The Hizbollah leader replies: "We are well aware of these threats. They are nothing new. They reflect nothing but sheer fear and helplessness; they prove the Zionists are no longer able to defeat us by military means." To which his interlocutor replies, bravely I think: "Oh yes they are."

That feisty retort sheds some light on the other over-used word in the crisis in Lebanon: "disproportionate". What is the proportionate response to a terrorist organisation which repeatedly sends rockets packed with ball bearings to cause maximum civilian casualties in your main domestic tourist resort? And what do you do if that organisation, backed by Iran and Syria, also has two ministers in the government of the country from which they are sending those rockets?

President Chirac, whose former ambassador to London called Israel "a shitty little country", was among those Europeans who criticised Israel's retaliation as "totally disproportionate". This was the same Chirac who in January said "states who would use terrorist means against us must understand they would lay themselves open to a firm and fitting response on our part. This response could be a conventional one. It could also be of a different kind." Or, in other words: we might nuke the bastards. Having already escalated the diplomatic language to "totally disproportionate", imagine the words Chirac would unleash if the Israeli government this week threatened the use of nuclear weapons against Iran, unless its proxies in Lebanon desisted from their acts of terrorism.

We do not, of course, have any proof that Tehran has, as some allege, engineered the latest crisis to deflect increasingly impatient Western powers from pursuing their action against Iran's nuclear programme. Let us assume it was a complete coincidence that the Hizbollah capture of two IDF conscripts (and the killing of eight others) within Israeli territory took place on the day after Javier Solana warned the chief Iranian negotiator, Ali Larijani, that his country's nuclear dossier would be referred back to the Security Council. And let us also accept that it is a complete coincidence that on his way back to Tehran from that bruising meeting, Ali Larijani dropped in to Damascus for a meeting with Hizbollah's other backer, President Bashar Assad.

Who needs to construct conspiracy theories when everything is so plain to see on the geopolitical chess board? Last week the Iranian News Channel broadcast a speech by the speaker of Iran's parliament, Gholam Ali Haddad Adel. Addressing his remarks to Israel - but also to the crowd in front of him - Gholam Ali declared: "Today the confrontation is not only within the borders of Lebanon. It is taking place deep within your own land. Today your flourishing cities in the north of Israel are within the range of the fire of the fighters and lion cubs of Hizbollah. No place in Israel will be safe."

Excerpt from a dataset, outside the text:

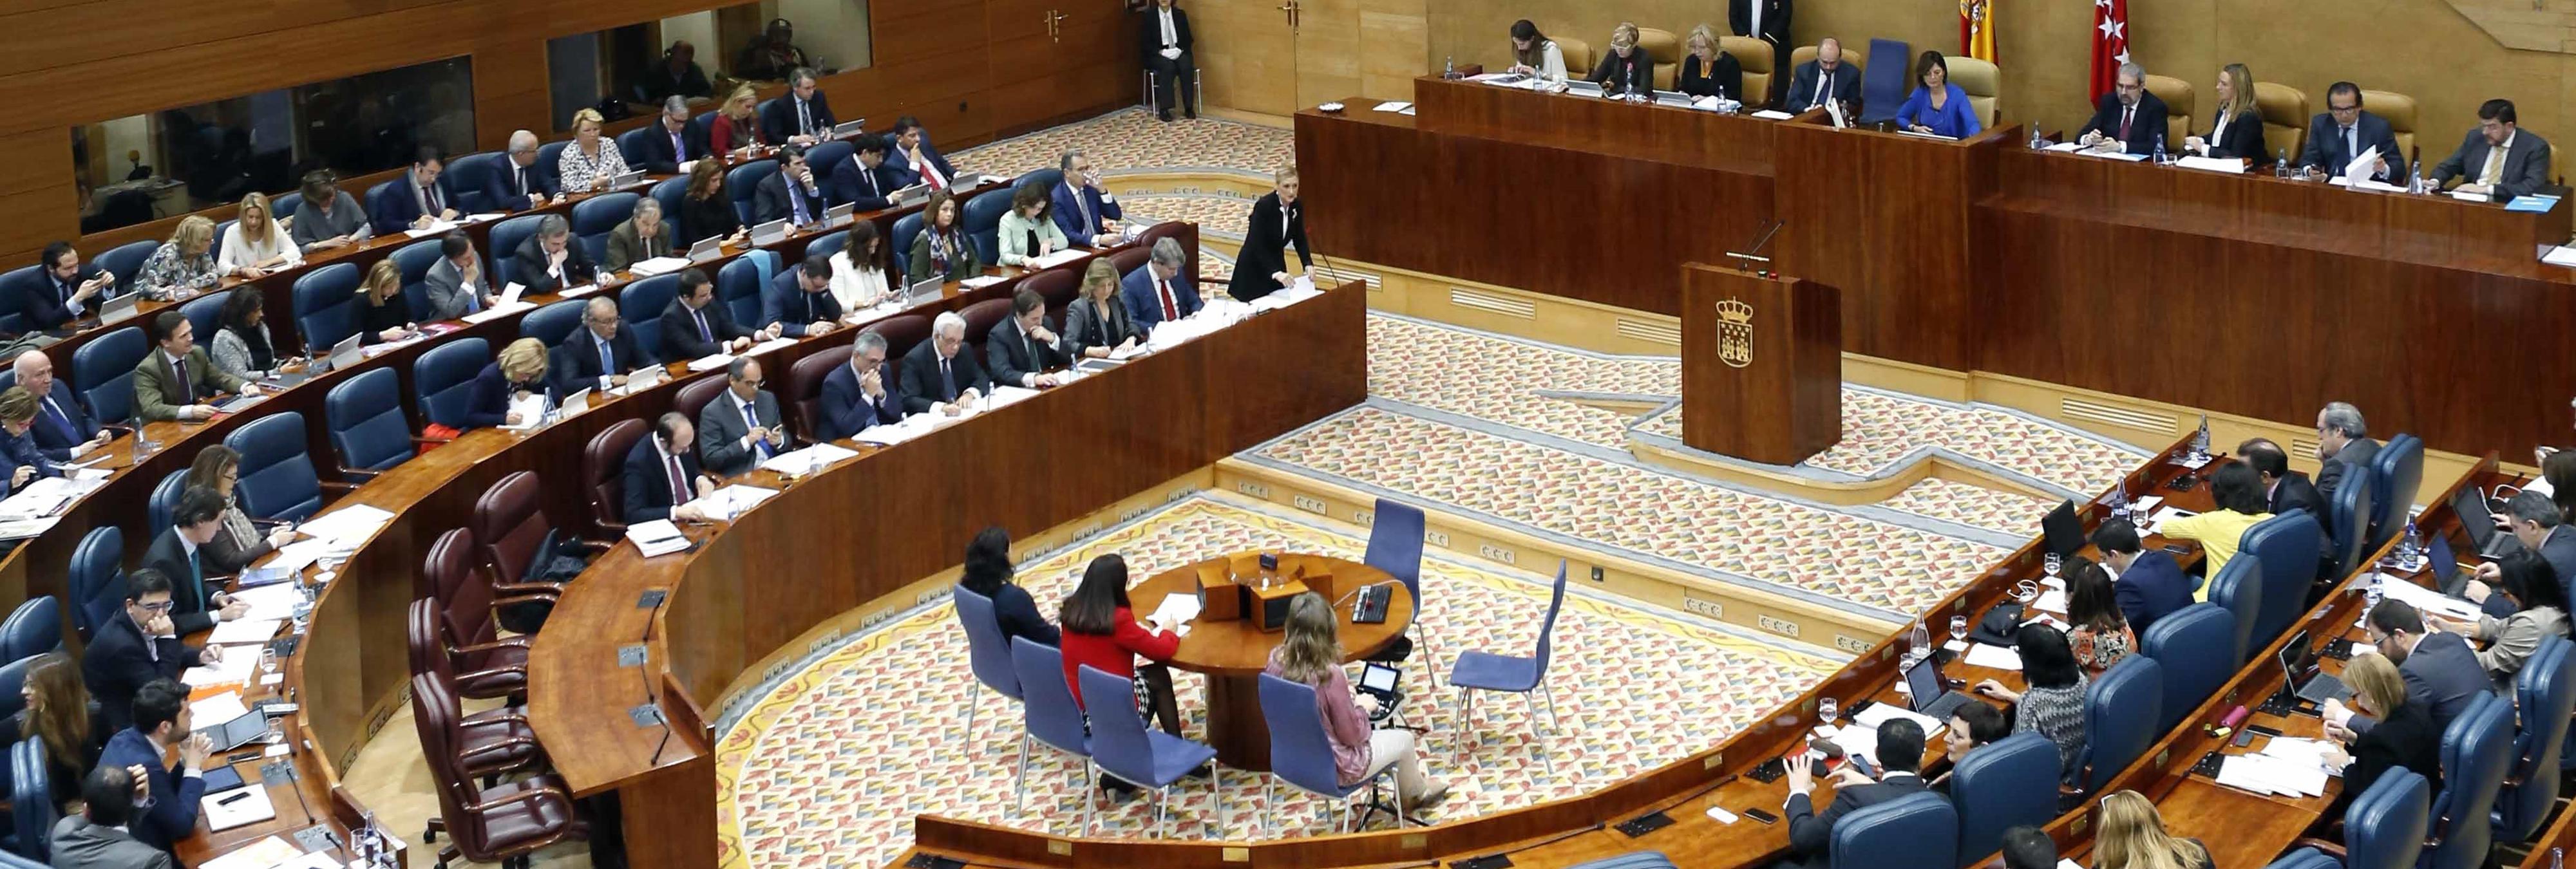 La Asamblea de Madrid aprueba la retirada de la condición de entidad de utilidad pública a Hazte Oír

At which observation the crowd chanted "Khamenei is the leader! Death to America! Death to England!" The speaker continued: "As said by Hassan Nasrallah, this courageous, vigilant and informed religious scholar, the war has just begun. To Hassan Nasrallah we say 'well done'. This religious scholar roars like a lion and the blood of the Imam Khomeini rages in his veins." To this the crowd chants: "No more humiliation! No more humiliation!"

It is humiliation, in fact, which the Israeli government is trying to avoid. Perhaps a former military leader such as Ariel Sharon could have withstood the terrific domestic pressure for retaliatory measures - always assuming that he would have wanted to. But the new Prime Minister, Ehud Olmert, has no such track record with which to reassure the Israeli people. Like any democracy, Israel's actions are ultimately conditioned by sensitivity to public opinion - its own and not other countries'.

It was, after all, domestic public opinion rather than the requirements of military strategy which caused Israel to withdraw from Lebanon in 2000. Its own people had sickened at the casualties to its conscript army. But when the Israeli public believes that national survival is at stake - as it has proved on a number of occasions since 1948 - it will be deterred by no amount of international opprobrium.

Although the British state was not founded upon the experience of genocide, I suspect that most of the people of this country, in similar circumstances, would feel the same way.